Раскаты грома прервали этот неуместный разговор. Их сила нарастала, а звук повышался. Приближаясь, они переходили из низких тонов в средние (если заимствовать подходящее сравнение из музыки). Небесные струны вибрировали все чаще – звук стал нестерпимым. Все вокруг пылало. Невозможно было определить среди этого огня, какому именно электрическому разряду соответствовал нескончаемый грохот, эхо которого, перекатываясь, уходило в бесконечную глубь неба.

То и дело сверкали молнии самой разной формы. Некоторые свергались перпендикулярно и вспыхивали по пяти-шести раз на одном и том же месте. Другие поразили бы любого ученого: если Араго в своей любопытной статистике всего два раза отмечал раздвоенную молнию, то здесь их было сразу сотни. Некоторые молнии, бесконечно разветвляясь, загорались кораллообразными зигзагами, на темном небесном своде вырисовывались как бы светящиеся деревья. Вскоре на северо-востоке протянулась яркая фосфорическая полоса. Воспламеняя тучи, словно какое-то горючее вещество, и отражаясь в бурных водах, она мало-помалу охватила весь горизонт. Это молния отразилась в воде, и омбу очутилось в центре огненной сферы.

Гленарван и его спутники глядели на это грозное зрелище молча. Их слов все равно не было бы слышно… Порой беловатый, точно призрачный свет на мгновение озарял то невозмутимое лицо майора, то оживленное любопытством лицо Паганеля, то энергичные черты лица Гленарвана, то растерянное личико Роберта, то беспечные физиономии матросов.

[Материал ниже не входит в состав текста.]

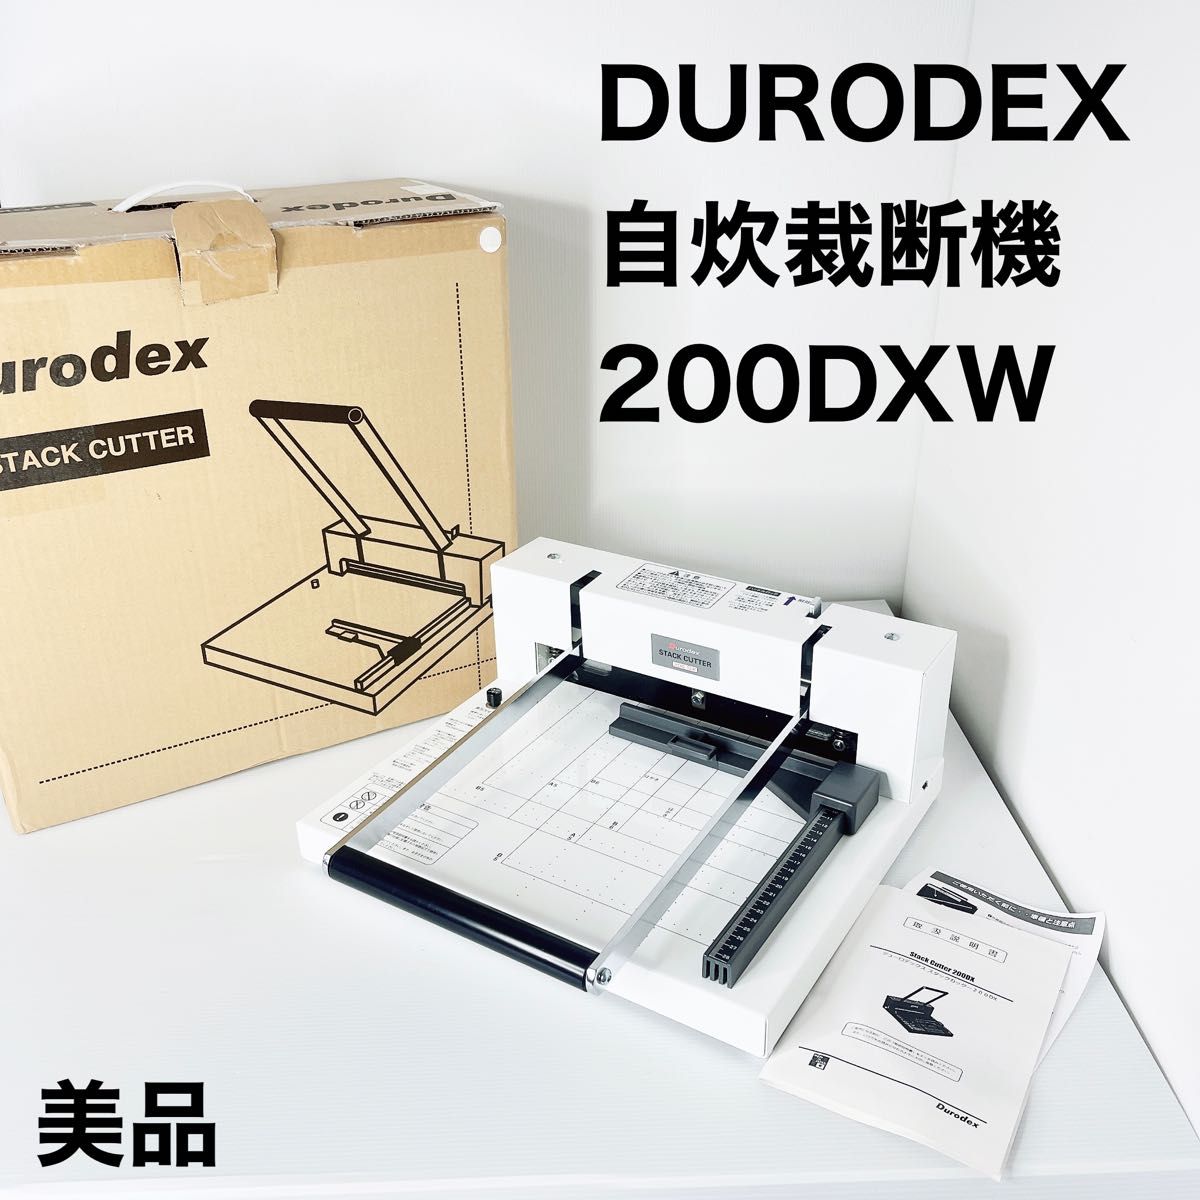 DURODEX 自炊裁断機 ホワイト 200DXW 文具、ステーショナリー はさみ

Однако ни дождя, ни ветра еще не было. Но вскоре хляби небесные разверзлись, и вертикальные, словно нити ткацкого станка, струи соединили черное небо с водной равниной. Крупные капли, ударяясь о поверхность огромного озера, отскакивали тысячами брызг, озаренных молниями.

Может быть, этот ливень предвещал конец грозы, и путешественники отделались лишь обильным душем? Нет! В разгар электрической бури на конце главной, горизонтальной ветви омбу вдруг появился окруженный черным дымом огненный шар величиной с кулак. Этот шар, покружившись несколько секунд на одном месте, разорвался, подобно бомбе, с таким грохотом, что он перекрыл даже непрерывный оглушительный гром. Запахло серой.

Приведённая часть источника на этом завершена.